Phase 7: Institutionalisation and passive acceleration (2020 to 2026)
Folio and SIP count explosion
Between March 2020 and March 2025, the number of SIP accounts grew from approximately 3 crore to over 10 crore. Monthly SIP contributions rose from Rs 8,000 crore to Rs 25,000 crore. The expansion was driven by zero-commission digital platforms (Groww, Zerodha Coin, Kuvera, Paytm Money) that made direct plan investing accessible to first-generation investors outside the top-15 cities.
Passive fund AUM
Index fund and ETF AUM grew from approximately Rs 2 lakh crore in March 2020 to Rs 11 lakh crore by March 2025. The EPFO’s ETF allocation, expanded progressively since 2015, added a predictable institutional flow component.
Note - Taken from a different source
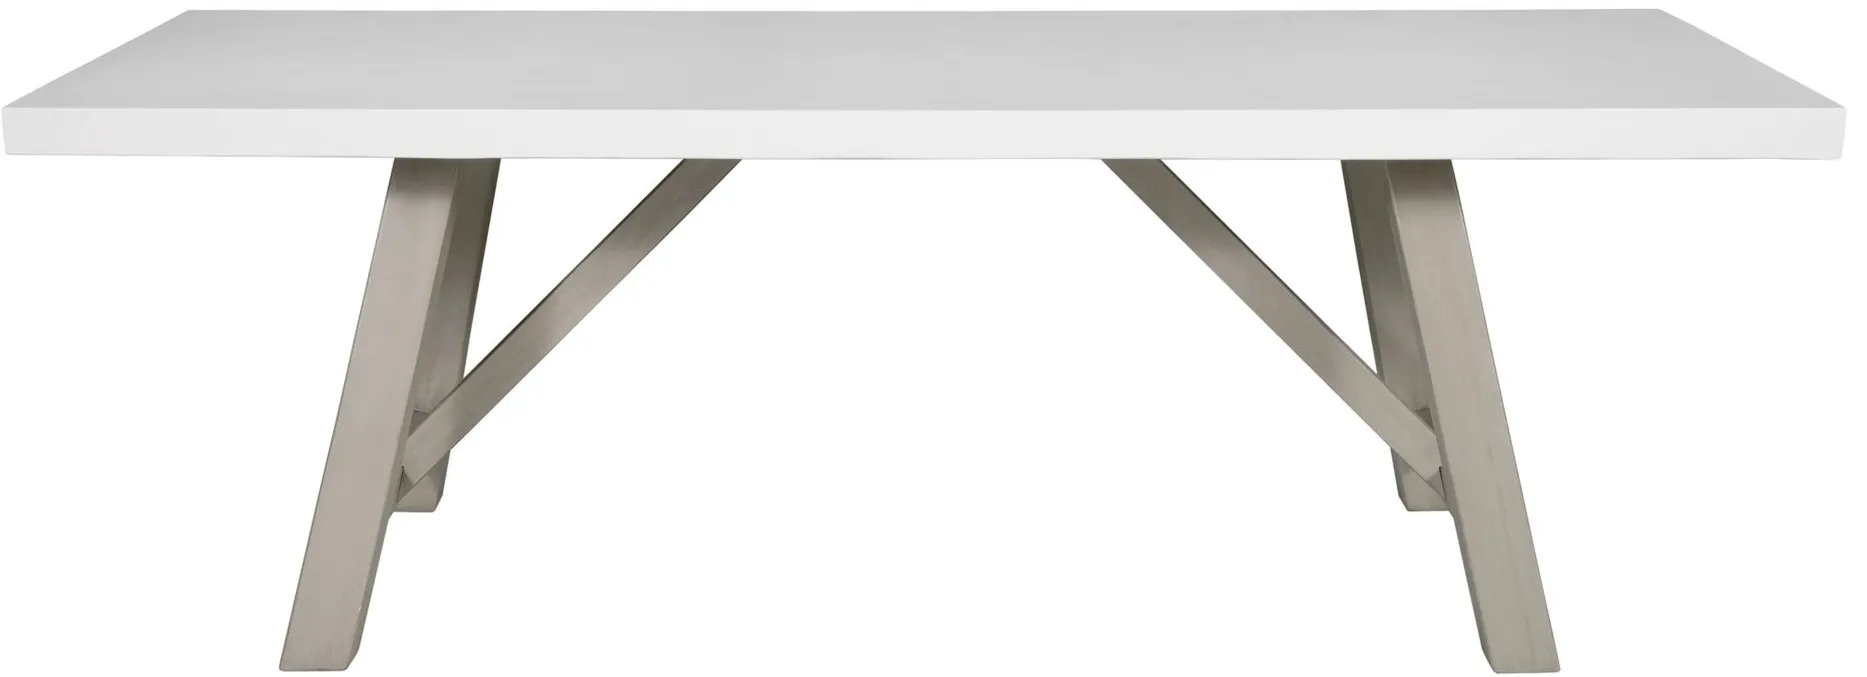 Mills Dining Table in Gray by Unique Furniture

EPFO’s equity ETF channel invested primarily in Nifty 50 and Sensex ETFs, with cumulative investments exceeding Rs 2.5 lakh crore by 2025.
Category-wise AUM (March 2025, approximate)
| Category | AUM (Rs lakh crore) | Share (%) |
|---|---|---|
| Equity (active) | 27 | 40 |
| Passive (index + ETF) | 11 | 16 |
| Debt | 14 | 21 |
| Hybrid | 8 | 12 |
| Liquid/Overnight/Money Market | 5 | 7 |
| Solution-oriented and others | 2 | 3 |
| Total | 67 | 100 |
Source: AMFI March 2025 monthly data (approximate).
AUM concentration: top AMCs
As of March 2025, the top five AMCs by AUM accounted for approximately 55% of industry assets:
| AMC | AUM (Rs lakh crore, approx.) |
|---|---|
| SBI Mutual Fund | 11.4 |
| HDFC Mutual Fund | 7.8 |
| ICICI Prudential Mutual Fund | 9.3 |
| Nippon India Mutual Fund | 5.8 |
| Kotak Mahindra Mutual Fund | 4.9 |
Source: AMFI monthly data.
The industry retains a long tail of smaller AMCs – including PPFAS, Mirae Asset, Edelweiss, and newer entrants – that have differentiated on performance or distribution channel.
Geographic expansion: T-15 vs B-30
SEBI’s regulatory incentive structure distinguishes between top-15 cities (T-15) and beyond-top-15 cities (B-15, later B-30). AMCs collecting SIP or lump-sum subscriptions from B-30 cities were permitted a marginal additional expense ratio, incentivising distribution network expansion into smaller markets.
The B-30 city share of industry AUM rose from approximately 14% in FY2019 to over 20% by FY2024, indicating genuine geographic deepening. States such as Gujarat, Rajasthan, Madhya Pradesh, and Karnataka contributed meaningfully to SIP growth outside the top metropolitan areas.
AUM-to-GDP ratio
A useful macroeconomic benchmark is the ratio of industry AUM to nominal GDP:
| Year | Industry AUM | GDP (approx.) | AUM/GDP ratio |
|---|---|---|---|
| 2010 | Rs 7 lakh crore | Rs 78 lakh crore | ~9% |
| 2015 | Rs 11 lakh crore | Rs 136 lakh crore | ~8% |
| 2020 | Rs 27 lakh crore | Rs 196 lakh crore | ~14% |
| 2023 | Rs 44 lakh crore | Rs 273 lakh crore | ~16% |
| 2025 | Rs 67 lakh crore | Rs 340 lakh crore (est.) | ~20% |
For comparison, mutual fund AUM-to-GDP ratios in the United States exceed 100% and in Brazil exceed 80%. India’s 20% ratio reflects substantial remaining headroom, particularly given the low penetration relative to bank deposits.